Global Meetings

GES Acquires onPeak and Travel Planners

In October, event-marketing giant GES acquired two major providers of event-housing services: onPeak, headquartered in Chicago, and New York City–based Travel Planners.

The combined business now serves clients under the name onPeak, a GES Global Company (onPeak | GES). It’s all part of a growth strategy to “become a preferred, global, full-service provider for live events,” according to GES President Steve Moster, who noted that in recent months GES has also acquired Blitz Communications, a leading AV company in the U.K. and Europe, and N200, a Netherlands-based event-registration and data-intelligence platform.

Convene spoke with Moster and onPeak | GES Executive Vice President Michael Howe several months after the announcement to learn more about how the combined business provides event organizers with one-stop service.

Customers are able to use onPeak | GES for their housing needs even if GES isn’t their official service contractor. How will the GES and onPeak teams work together to secure business for each other?

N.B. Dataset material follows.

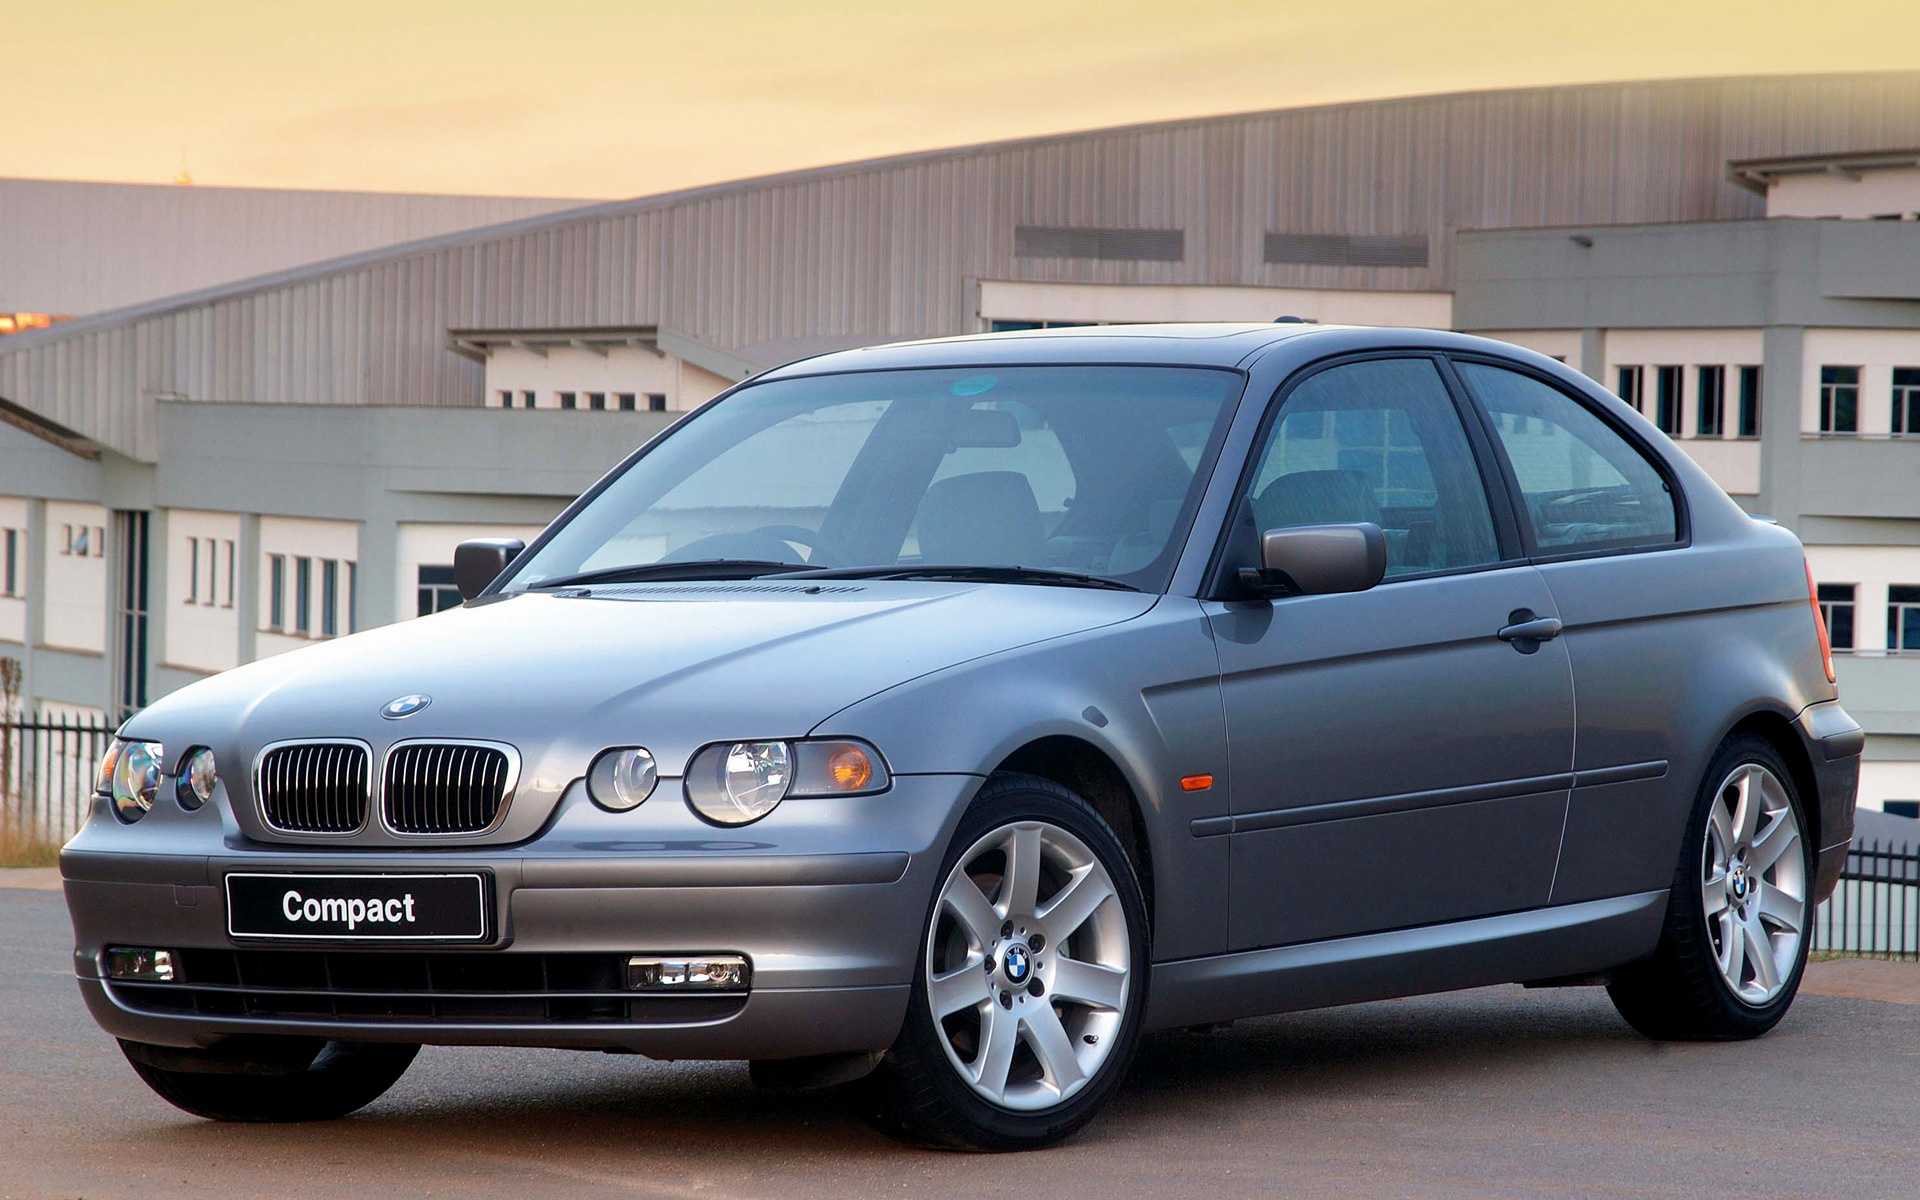 Технические характеристики BMW 318i 2002-2005 в автокаталоге CarExpertru Размеры и масса BMW 318i 2002-2005 Клиренс BMW 3-series Мощность двигателя BMW 318i 2002-2005 Расход топлива BMW 318i 2002-2005 Максимальная скорость BMW 318i 2002-2005 Подвеска BMW

SM Our goal is to obviously provide a single, seamless solution to event organizers and corporate marketers. We believe that we’ve pulled together in our integrating the best of breeds across a lot of different disciplines like housing, registration, and event production. So our ultimate goal is to provide that single solution.

MH As we’ve progressed and as technology is the cornerstone, I think part of everything that we do — and we know technology is moving at a rapid pace — is that we want to be able to get the tools to the event organizers as well to potentially access their single account, so that I can get all of the information about their event and how the event performed, all the different analytics of their events as well. And by having those combined, that can provide additional services to those event organizers.

How do these acquisitions fit into a big-data framework?

SM Big data is obviously a trend happening in the industry today. And it’s all about how to make events more productive and grow those events in size. We believe that the combination of data streams right now is pretty fragmented across multiple providers, across multiple platforms. And one of our goals is to have a single platform much easier to interface and analyze the data coming off of events to help our clients really grow their events and become smarter as event organizers.

How are you helping show organizers get their arms around the information that comes through their housing data?

MH By being able to analyze the actual behavior of where people are booking — where they’re staying, how long they stay, what were some of the properties that were attractive, what were some of the benefits that attracted them to that property — we can better provide information back to our organizers to make better decisions for the future. What we’re trying to do is bring more people into these rooming blocks. We have heard, like everyone else in the industry hears, about poachers and the damage that they do to our businesses and also to our reputation. So by being able to analyze this information and be able to really bring more and more people to book in the block, that actually benefits everyone.

What kind of impact do you see sharing-economy players such as Airbnb having on room blocks?

MH It’s definitely an interesting area, and it’s something that we are constantly looking at — as well as how can we actually bring someone like an Airbnb to an advantage. We’re always looking at these different vehicles that are out there that could be potentially taking away some of that revenue to the hotels. It’s important to ensure that you’re providing the right inventory for those people coming to those conventions. And that goes back to the data once again — analyzing that to ensure that we do have the right properties that meet the demographics of those people trying to do the various events that we work on.

Michelle Russell

Michelle Russell is editor in chief of Convene.